Role of the Escherichia coli DnaK and DnaJ heat shock proteins in the initiation of bacteriophage lambda DNA replication

Abstract

We examined the role of two Escherichia coli heat shock proteins, the dnaK and dnaJ gene products, during the initiation of lambda dv DNA replication in vitro. Using 14C-labeled lambda P protein we showed that the DnaK and DnaJ heat shock proteins function together to release lambda P protein from the preprimosomal complex consisting of lambda origin of replication-lambda O-lambda P-DnaB protein. Hydrolysis of ATP, catalyzed presumably by DnaK, is required during this reaction. Substitution of DnaK protein with that of the mutant DnaK756 protein blocks lambda P release.

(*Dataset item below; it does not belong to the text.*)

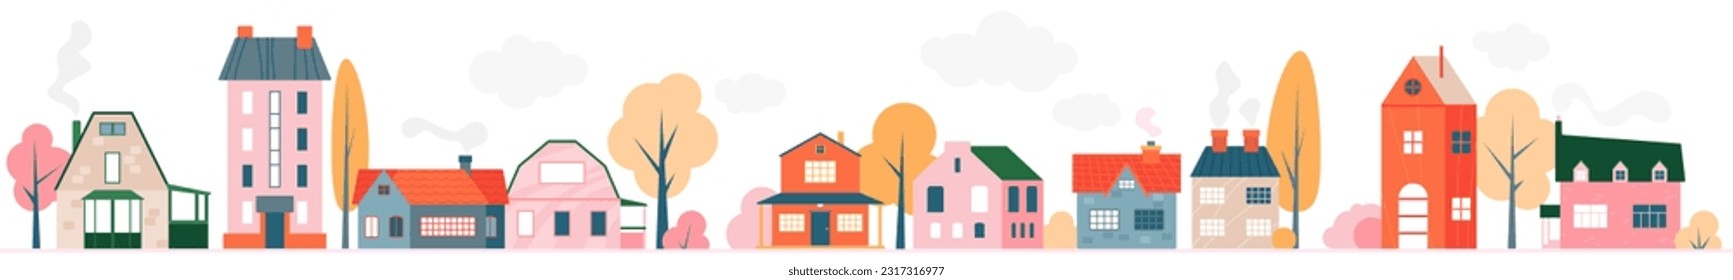 Cute cartooon charming small town village houses panorama. Front view of a variety of brick cottages and apartments vector illustration svg
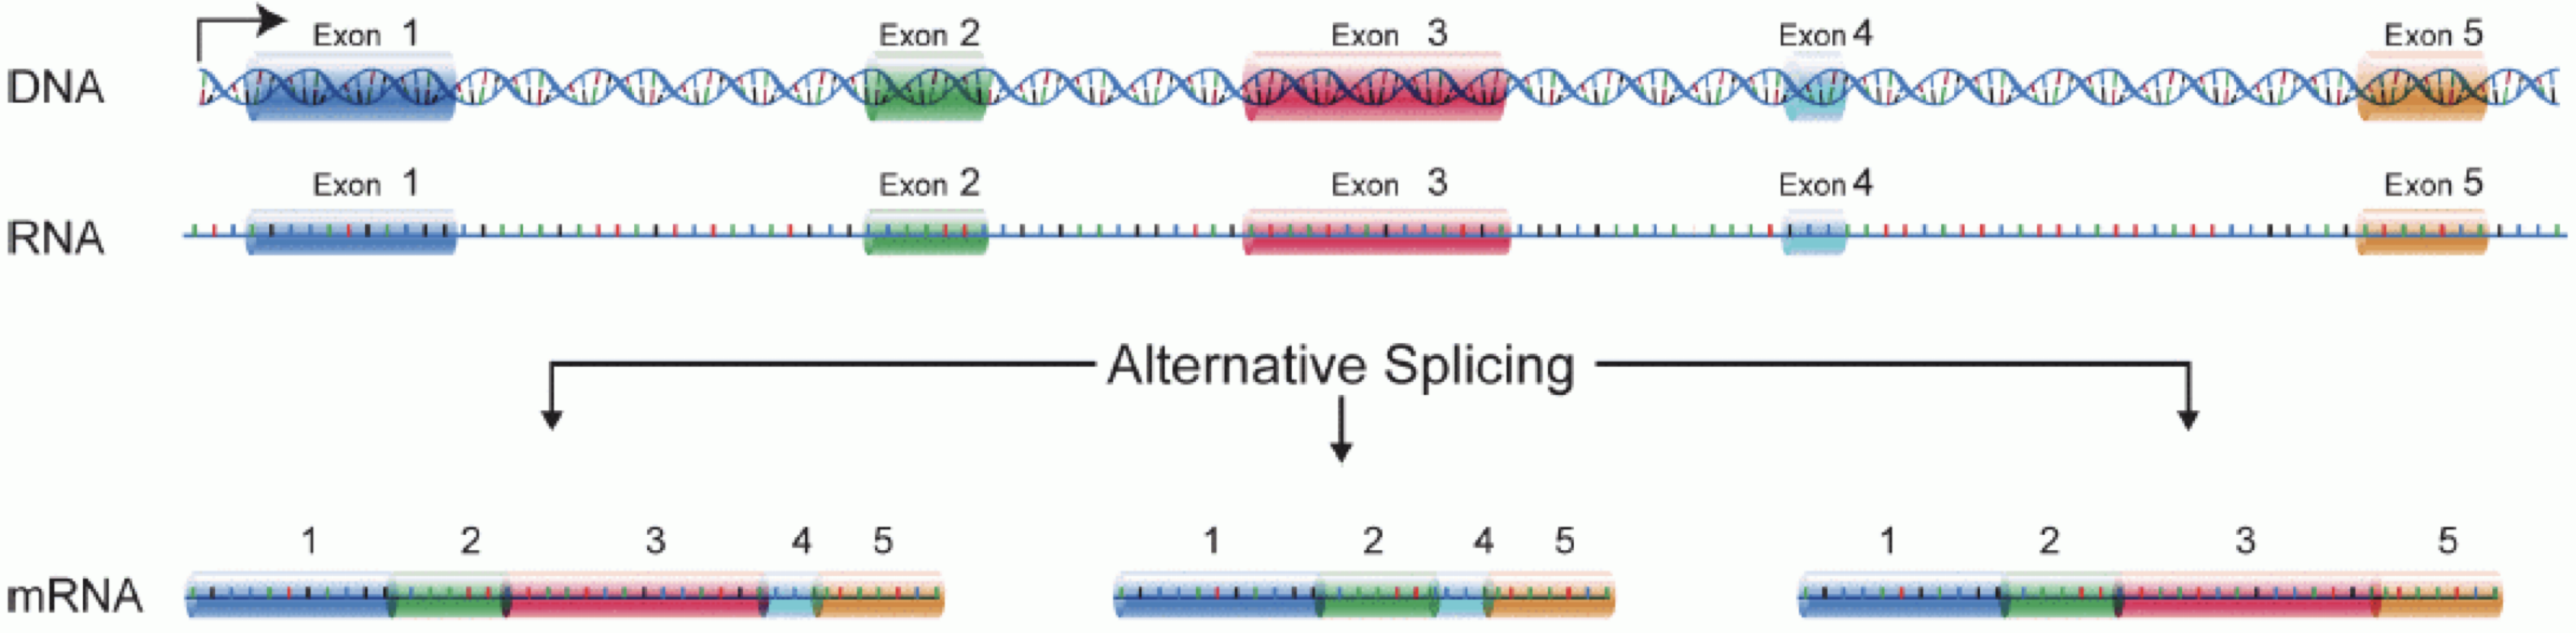 Illustration of part of the central dogma of molecular biology, where DNA is transcribed to RNA, and intronic sequences are spliced out

After DnaK and DnaJ action, the preprimosomal complex, isolated on Sepharose 4B, can support lambda dv DNA replication without any additional prepriming proteins. Using DnaK-affinity chromatography we showed that both lambda O and lambda P proteins bind to DnaK protein. The lambda P protein interacts with DnaK protein in a salt-resistant, hydrophobic manner, and ATP hydrolysis is necessary to elute at least part of lambda P protein from the DnaK-affinity column. The proposed mechanism of action of the prokaryotic DnaK and DnaJ heat shock proteins agrees with the hypothesis that Hsp70, the DnaK analogue of eukaryotes, uses ATP to disrupt hydrophobic aggregates [Pelham, H. R. B. (1986) Cell 46, 959-961].